Task goal:
What is needed is an exact copy of the lines in the entries below from the one holding "Allerton Park Climate Action Plan (Apcap)" through the one holding "MORTAL KOMBAT 1 Shang Tsung All Intros MK1", pictures excluded.

Exercise data:

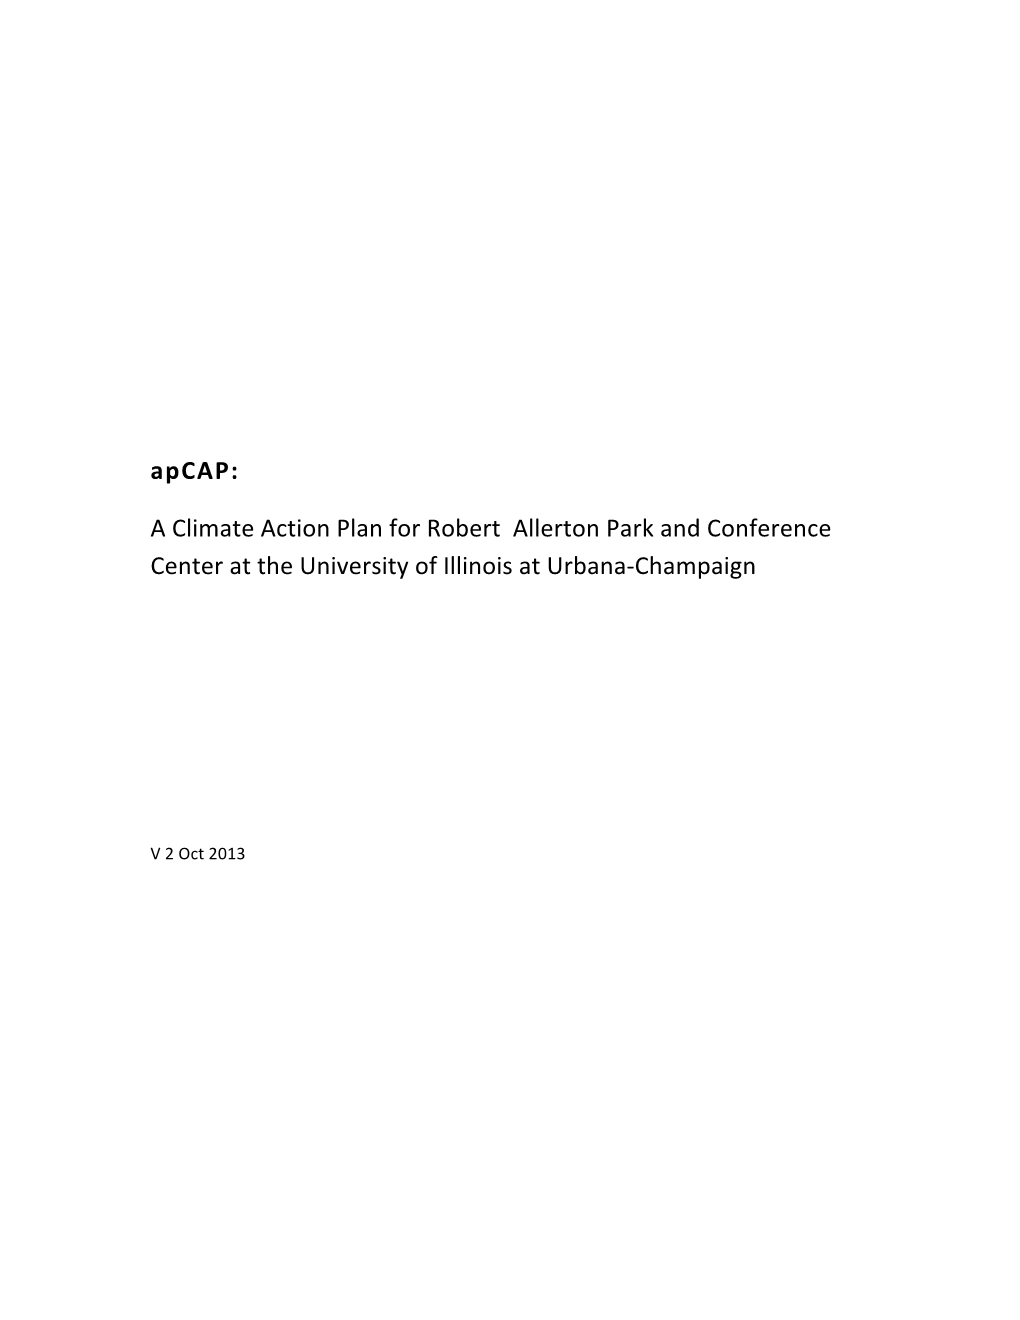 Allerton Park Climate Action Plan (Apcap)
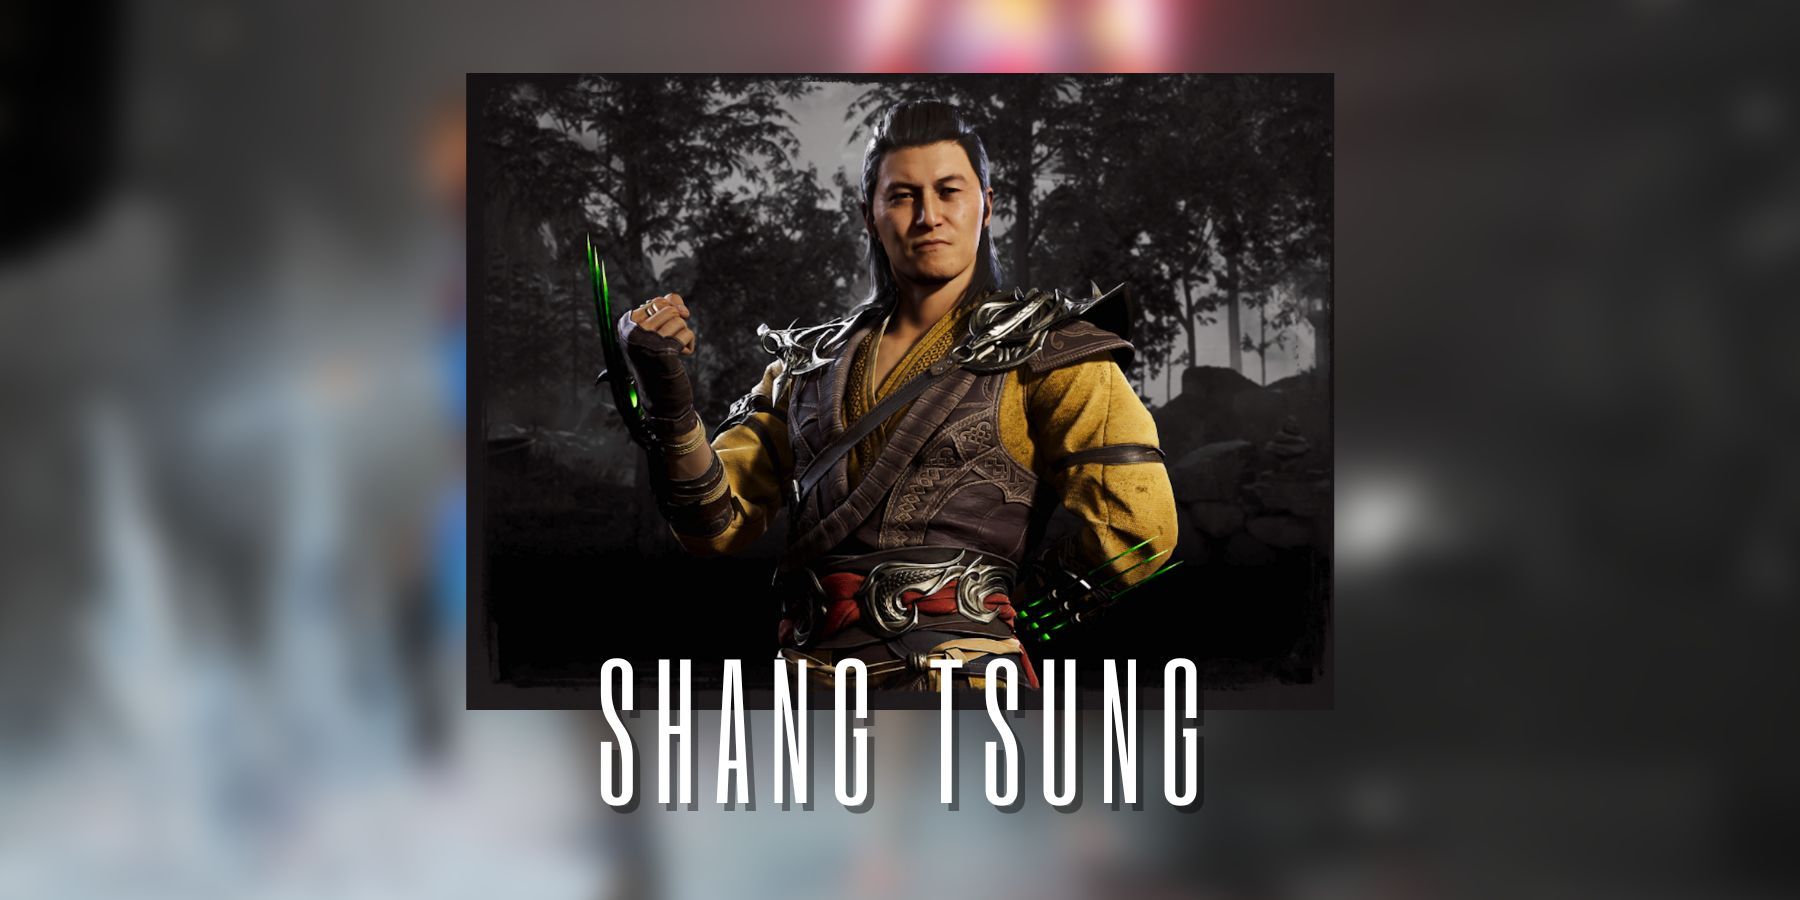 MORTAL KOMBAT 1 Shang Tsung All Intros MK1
* * *
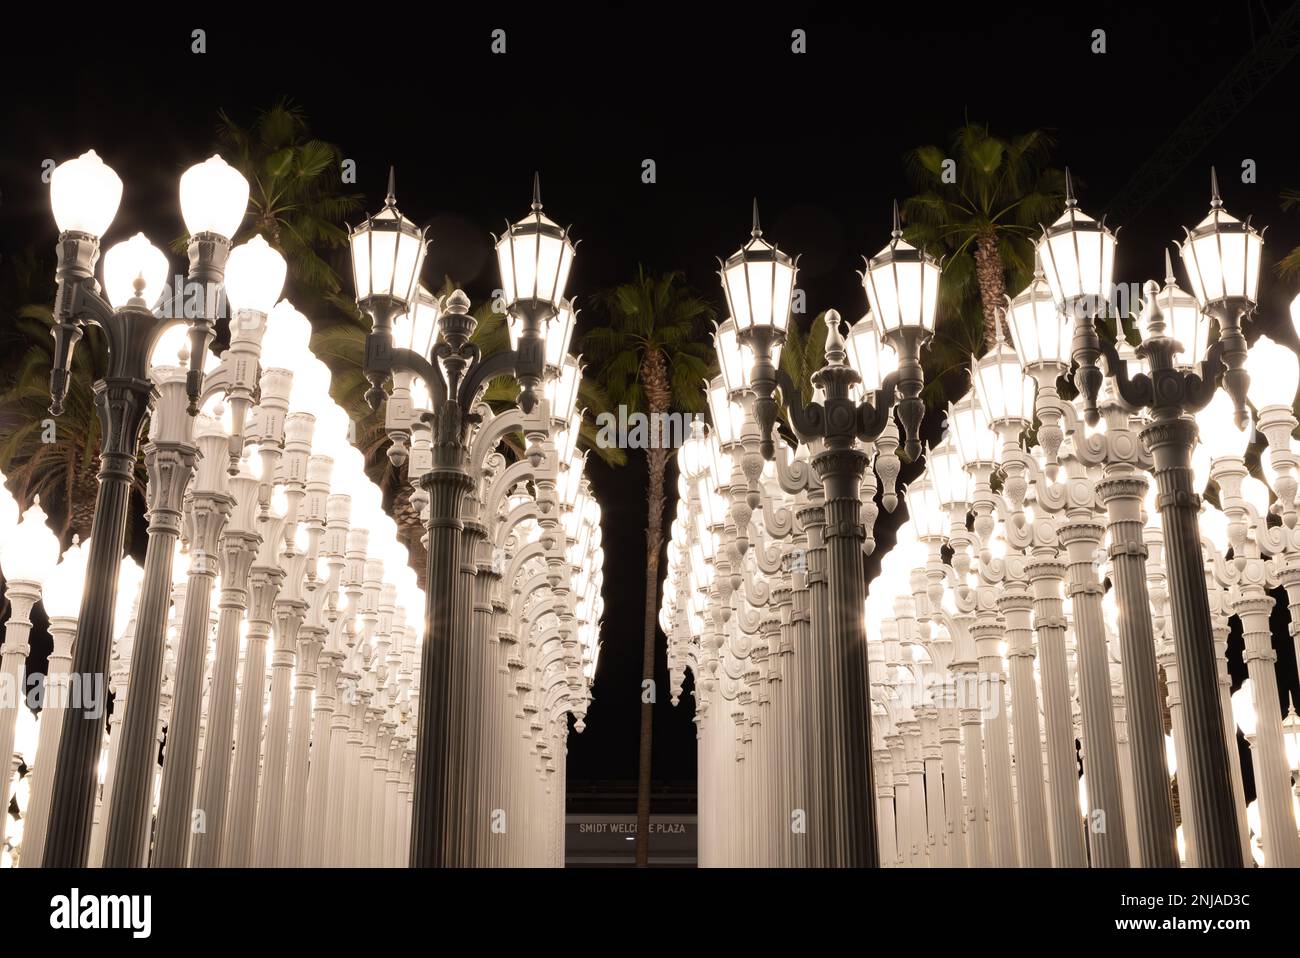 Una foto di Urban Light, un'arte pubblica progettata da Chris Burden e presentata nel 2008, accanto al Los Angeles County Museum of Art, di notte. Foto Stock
---
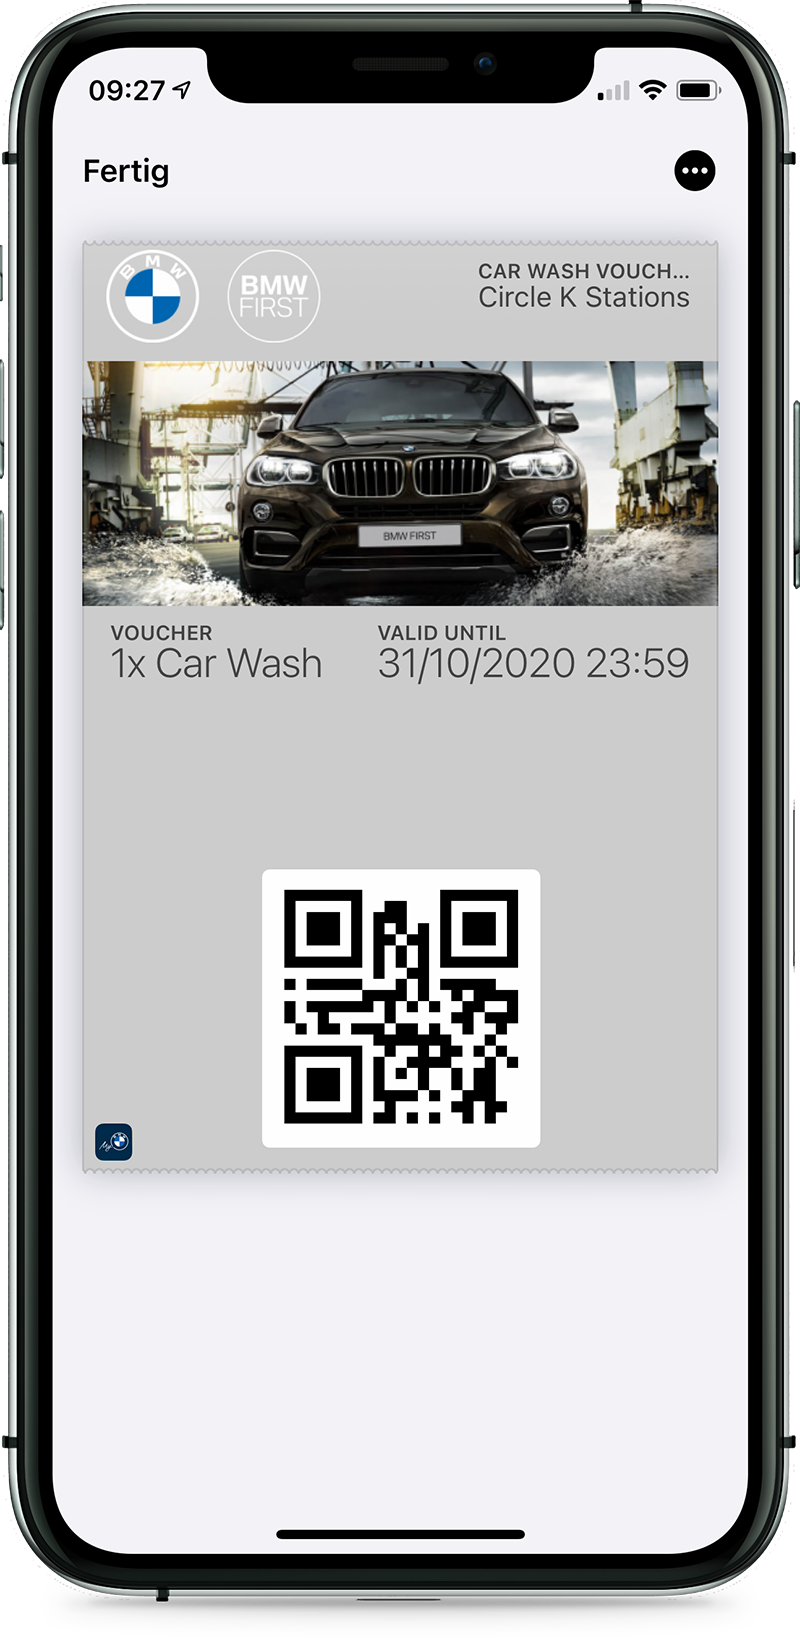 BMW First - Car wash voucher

Written response:
 Allerton Park Climate Action Plan (Apcap)
 MORTAL KOMBAT 1 Shang Tsung All Intros MK1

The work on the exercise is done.